(Beginning of SUPPLIED MATERIAL)

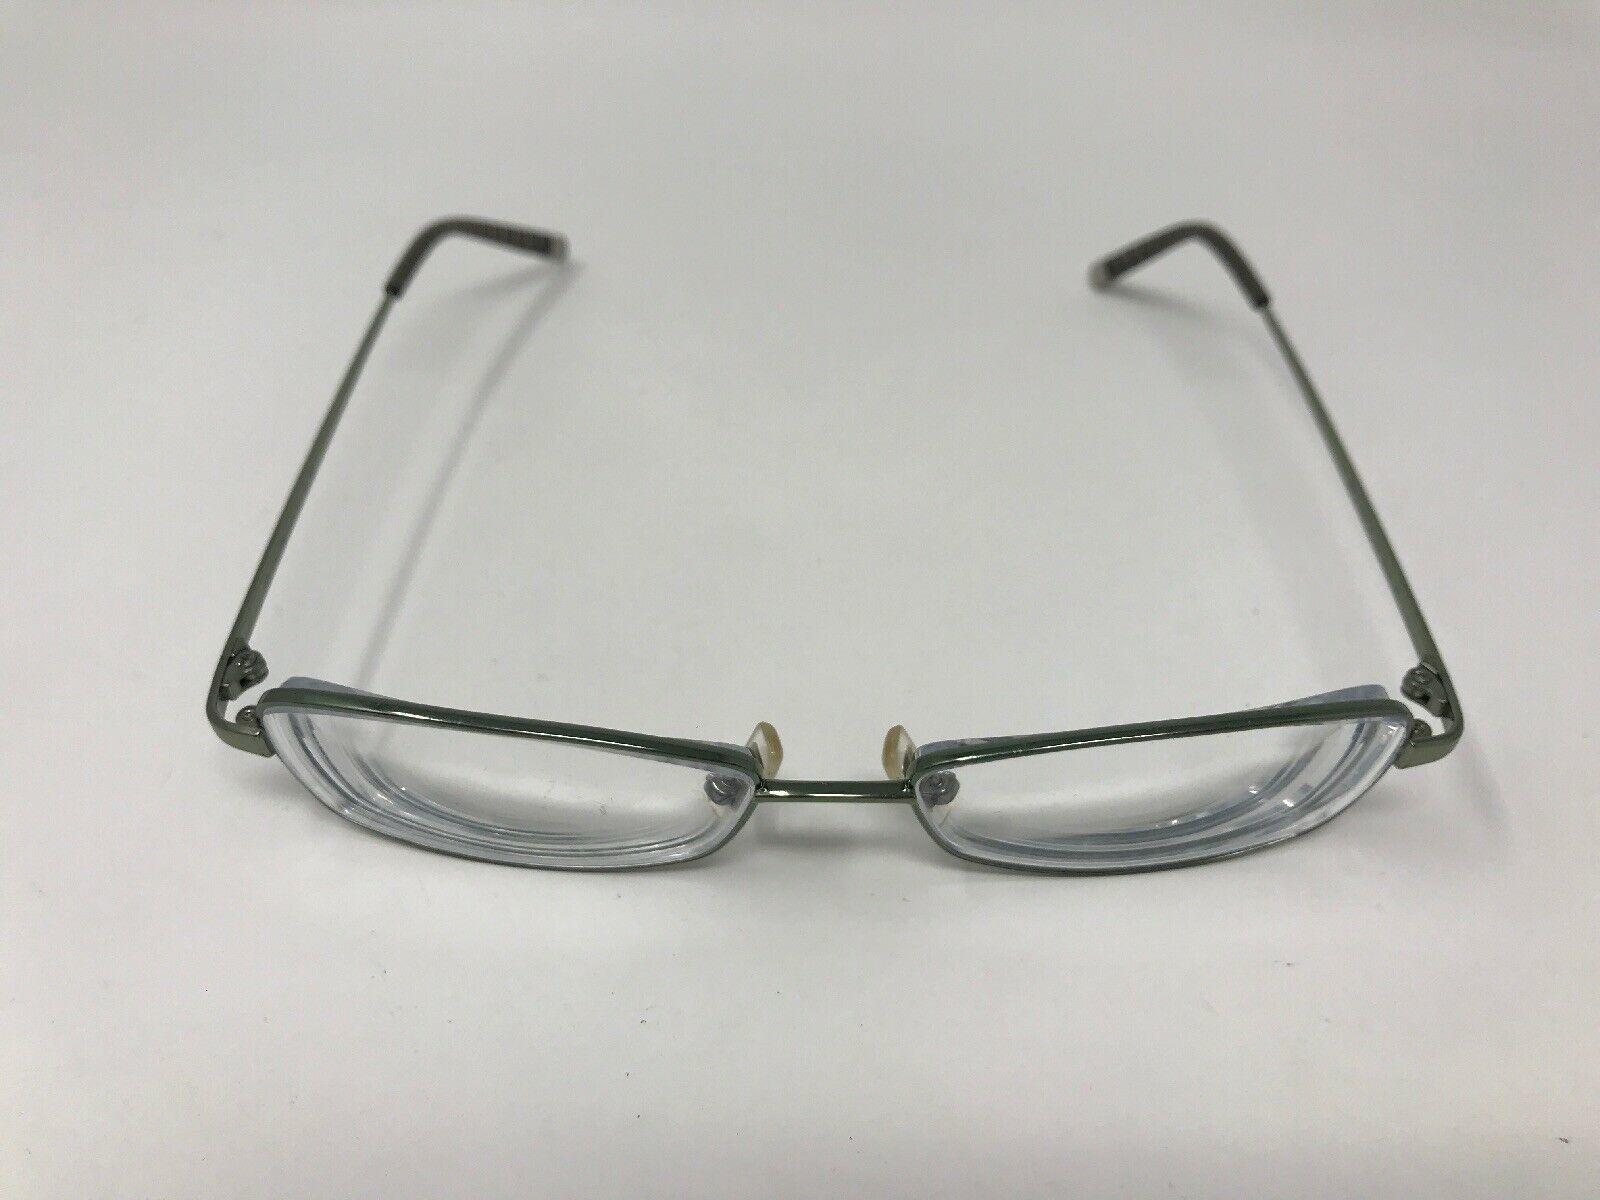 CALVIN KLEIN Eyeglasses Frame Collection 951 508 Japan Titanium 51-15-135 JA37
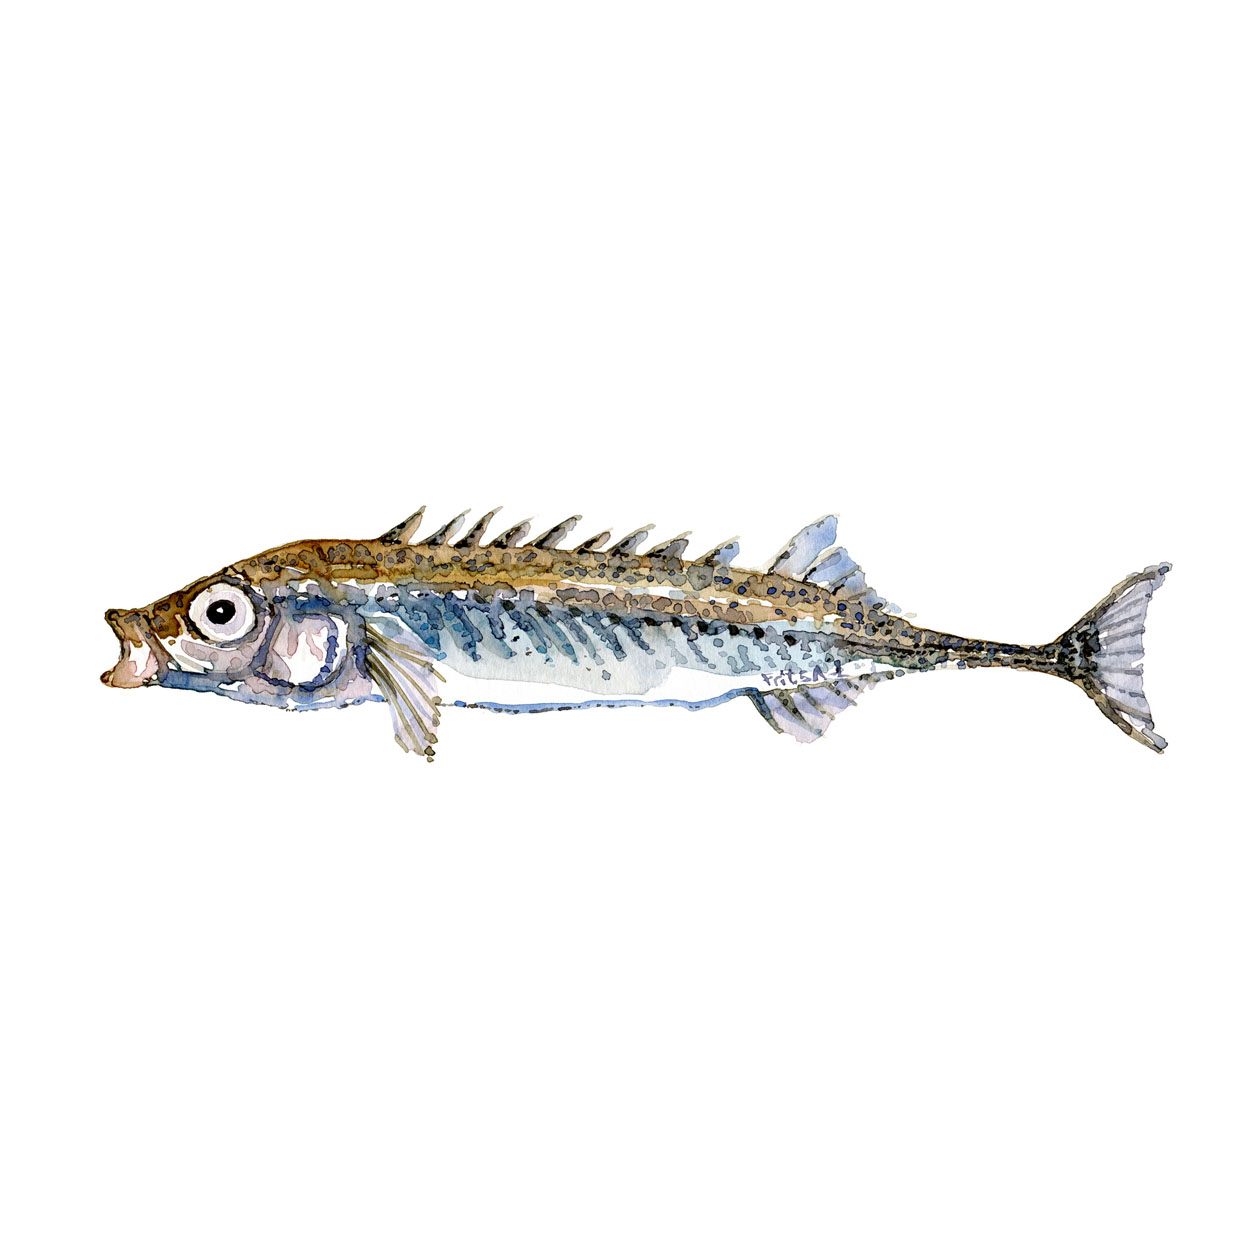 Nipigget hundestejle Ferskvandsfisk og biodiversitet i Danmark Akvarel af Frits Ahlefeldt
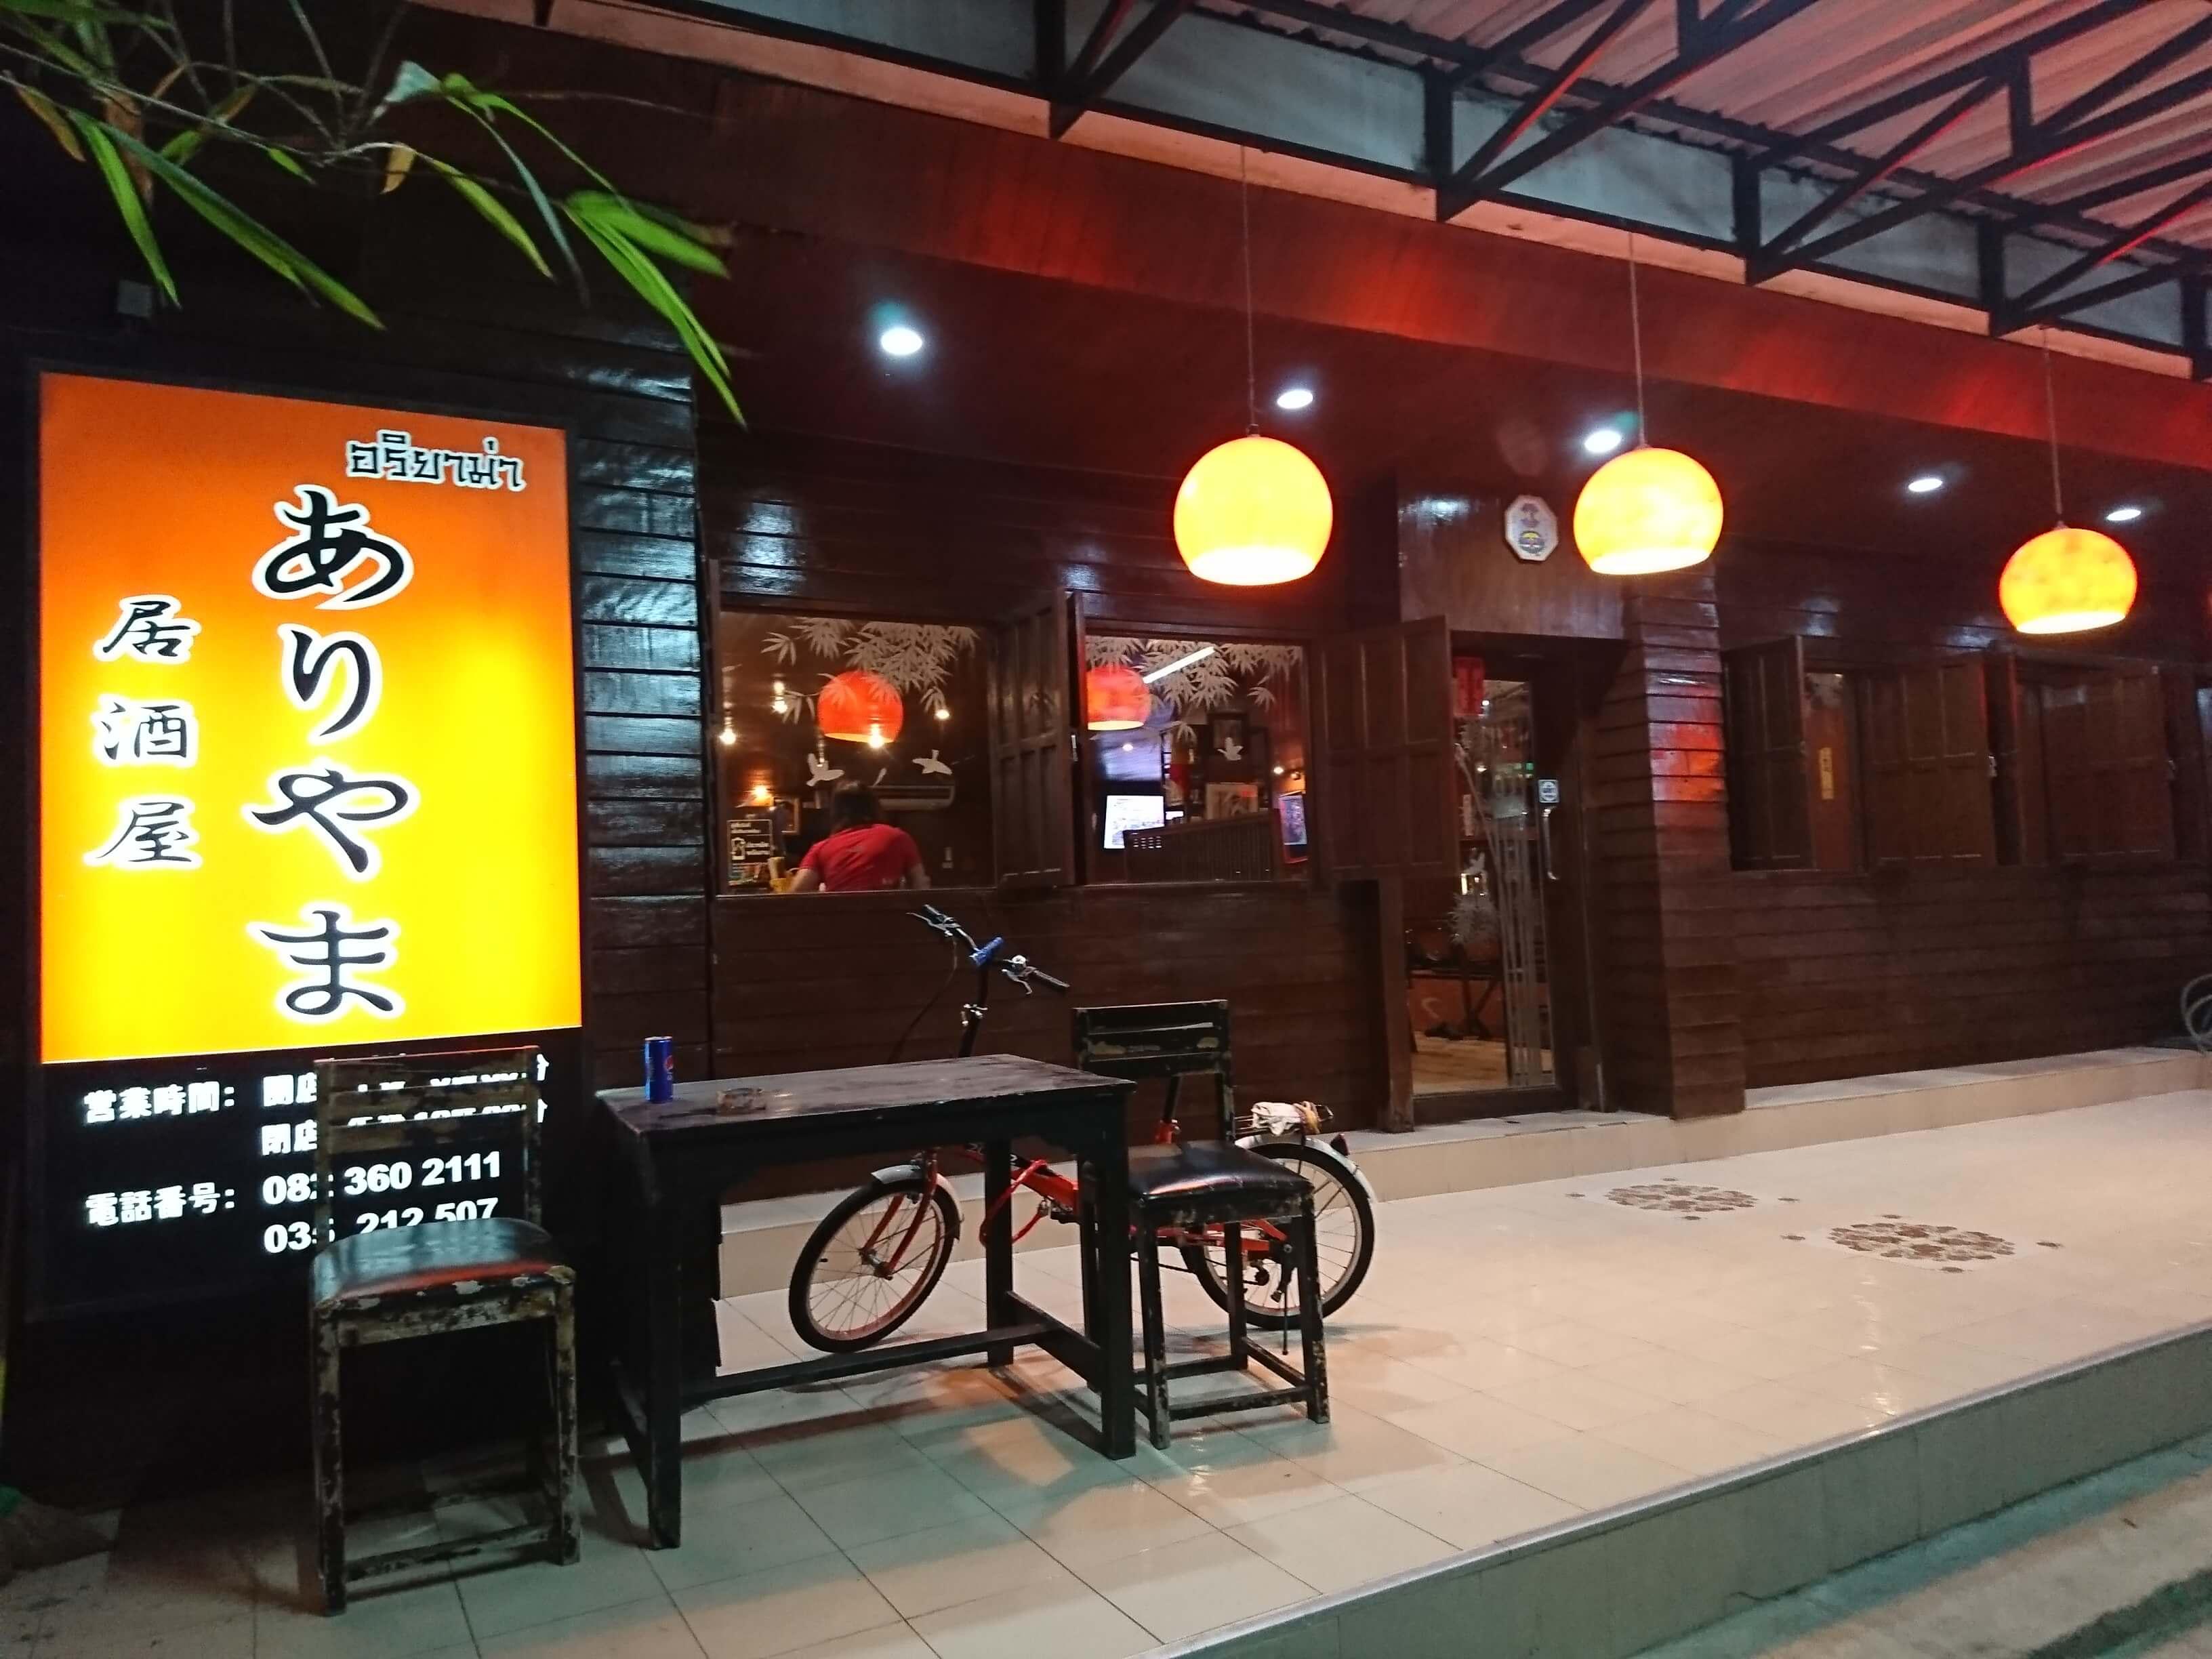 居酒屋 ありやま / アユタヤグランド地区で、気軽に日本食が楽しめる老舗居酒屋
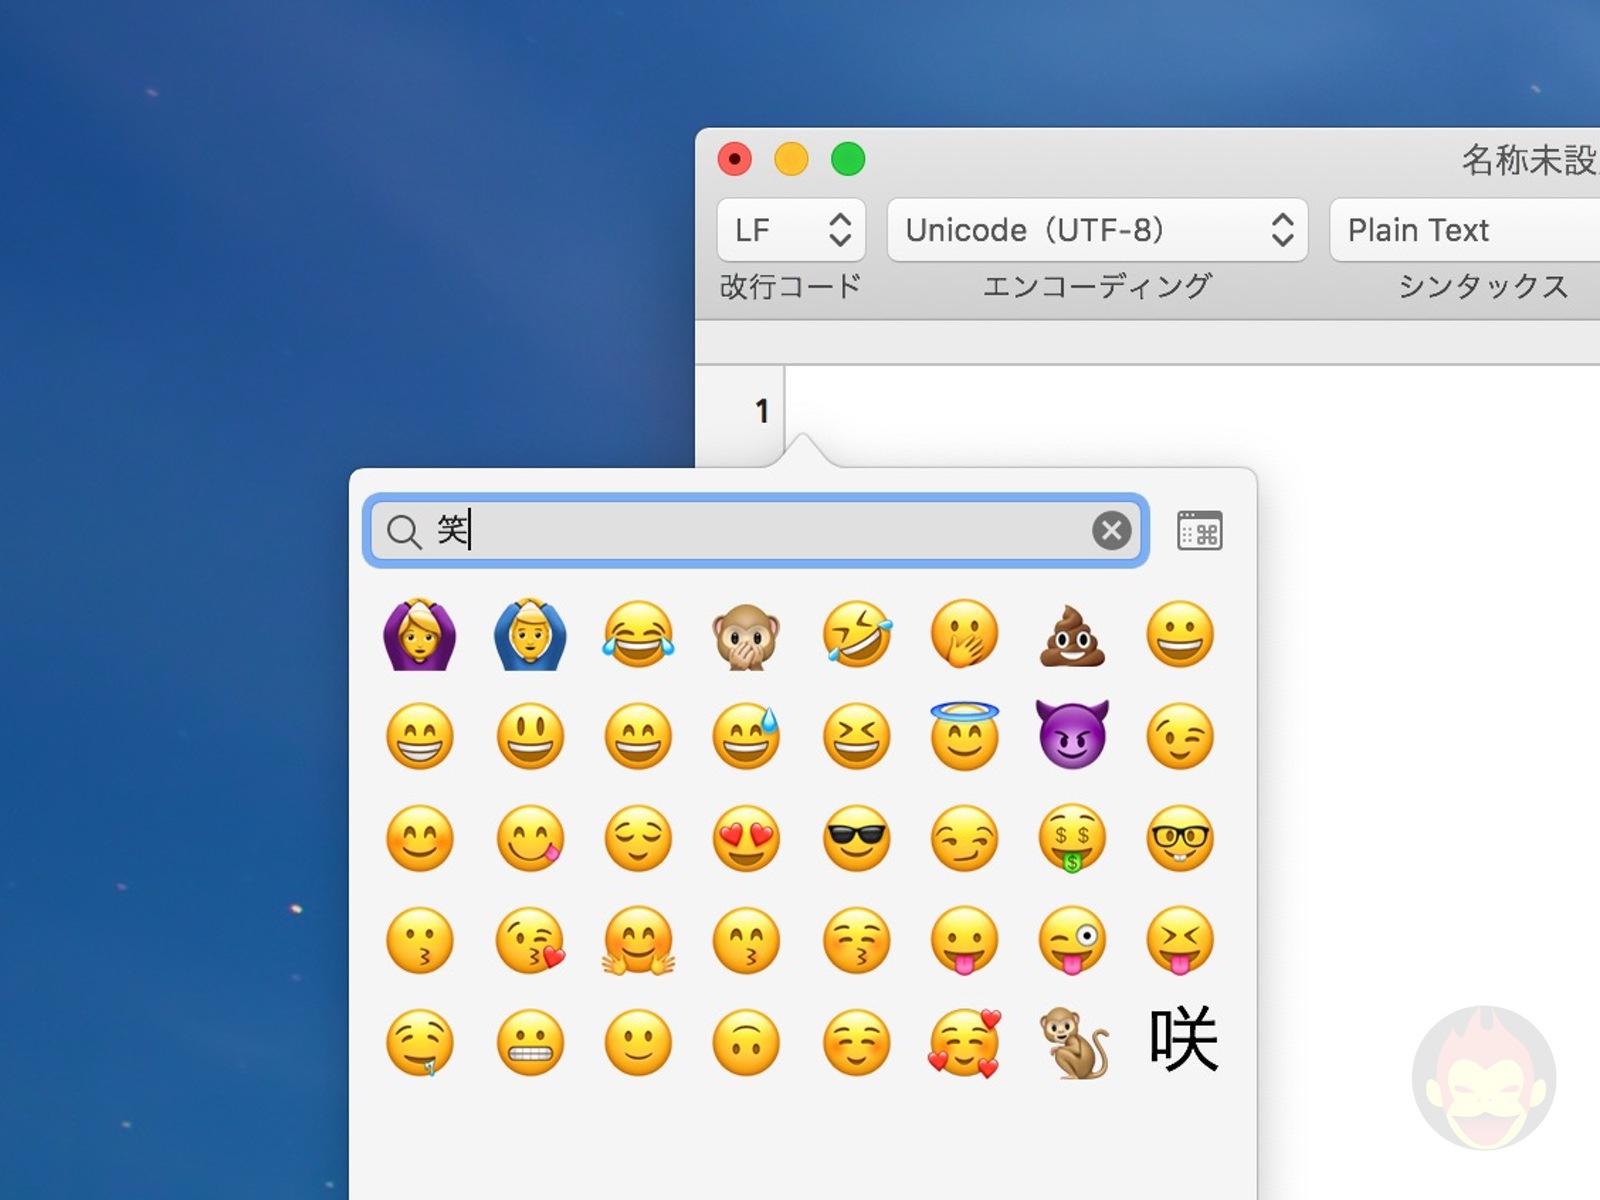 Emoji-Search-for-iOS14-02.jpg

(End of SUPPLIED MATERIAL)

**ACTIVITY**
The reply must hold every line above exactly as written and none of the pictures.

**TASK RESULT**
 CALVIN KLEIN Eyeglasses Frame Collection 951 508 Japan Titanium 51-15-135 JA37
 Nipigget hundestejle Ferskvandsfisk og biodiversitet i Danmark Akvarel af Frits Ahlefeldt
 居酒屋 ありやま / アユタヤグランド地区で、気軽に日本食が楽しめる老舗居酒屋
 Emoji-Search-for-iOS14-02.jpg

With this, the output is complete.